Arefe günü aslen Hicrî zilhicce ayının 9. günüdür ve bugün Kurban bayramından önceki, terviye gününden sonraki gündür. Ancak zamanla Ramazan bayramından önceki gün için de kullanılmaya başlandı.
Hz. Peygamber sallallahu aleyhi ve sellem arefe gününde en ziyâde şöyle derlerdi:
“La ilahe illellahü vahdehü la şerike leh, Lehül mülkü ve lehül hamdü biyedihil hâyrû vehüve alâ külli şey’in kadîr.”
“Allah’tan başka ilâh yoktur, yalnız O vardır ve hiçbir şerîki yoktur. Mülk O’nundur ve hamd de O’na mahsustur. Bütün hayırlar O’nun elindedir ve O her şeye kâdirdir.” (Mahmud Sami Ramazanoğlu, Dualar ve Zikirler, Erkam Yayınları)
“Ramazan ve Kurban Bayramı gecelerini, sevabını Allah’tan umarak ihya edenin kalbi (bütün kalplerin öldüğü günde) ölmeyecektir.” (İbn Mâce, Sıyam, 68)
Kurban bayramının arefe günü sabah namazından bayramın dördüncü günü ikindi namazına kadar 23 vakitte, yalnız başına veya cemaatle kılınan farz namazların arkasından birer defâ:
اَللّٰهُ اَكْبَرُ اَللّٰهُ اَكْبَرُ لۤا اِلٰهَ اِلاَّ اللّٰهُ وَاللّٰهُ اَكْبَرُ اَللّٰهُ اَكْبَرُ وَلِلّٰهِ الْحَمْدُ
“Allahu ekber Allahu ekber.
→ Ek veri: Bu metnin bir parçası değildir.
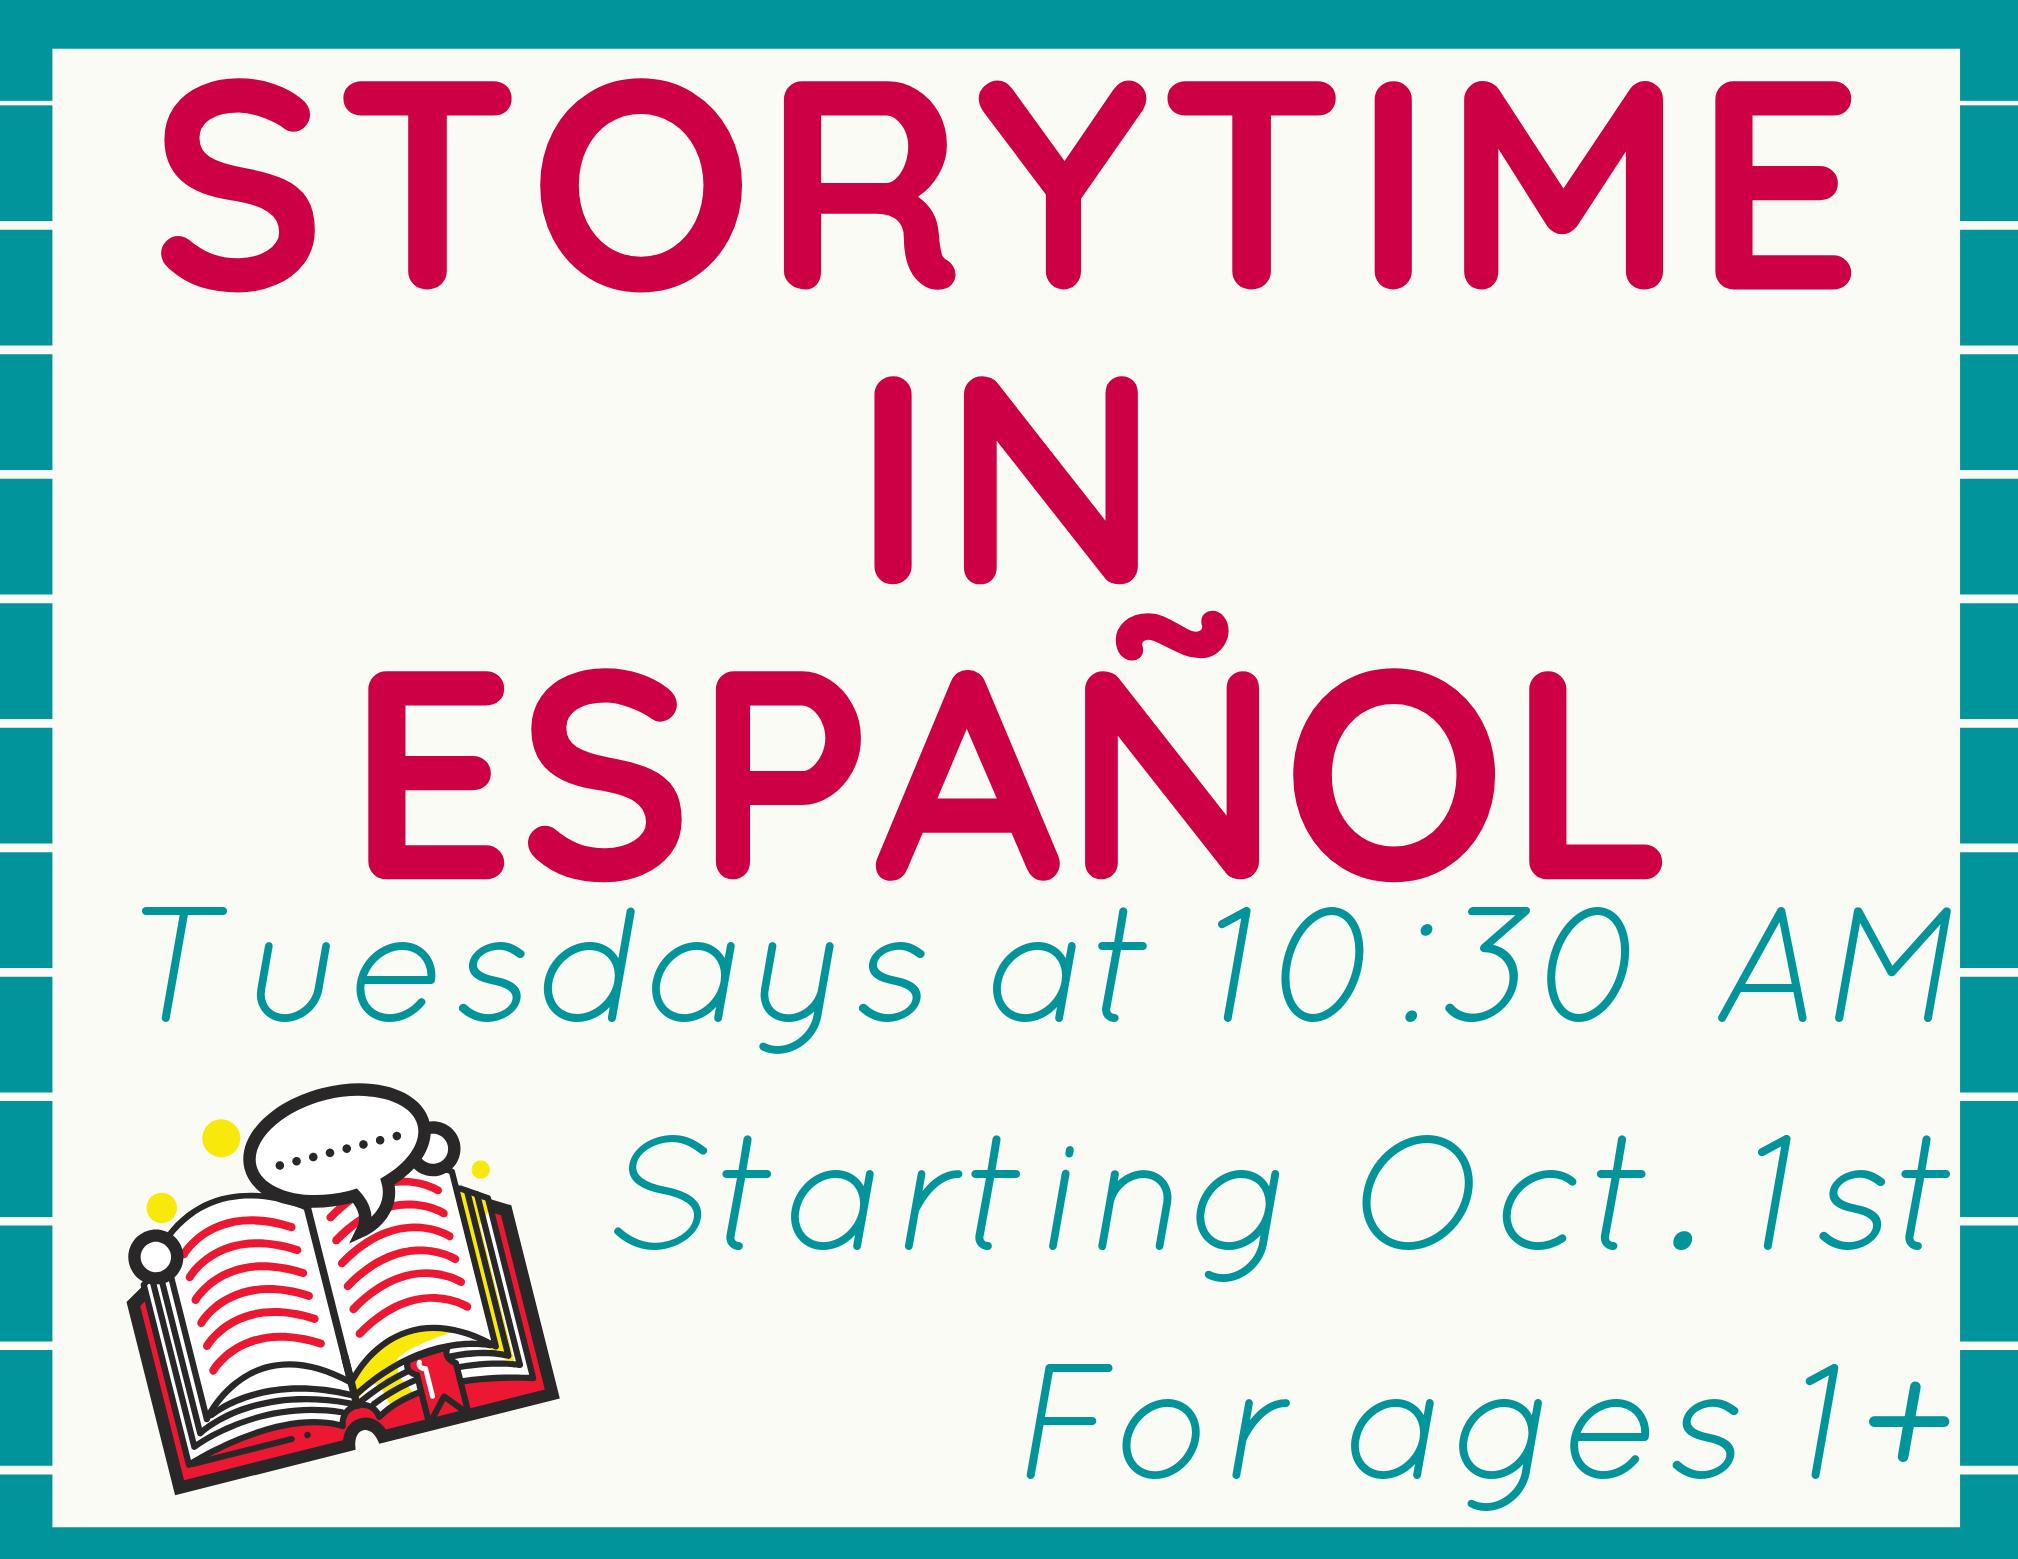 Storytime in Español

Lâ ilâhe İllâllahu vallahu ekber. Allahu ekber ve lillâhil hamd.” diyerek tekbîr getirmek, erkek-kadın, imam-cemaat, mukîm-misâfir her Müslümana vâciptir. Buna teşrîk tekbîrleri denir. (Muvatta, Hac, 205)
“Allah her şeyden yücedir, Allah her şeyden yücedir. Allah’tan başka ilâh yoktur, Allah her şeyden yücedir. Allah her şeyden yücedir, hamd sadece O’na mahsustur” anlamına gelir.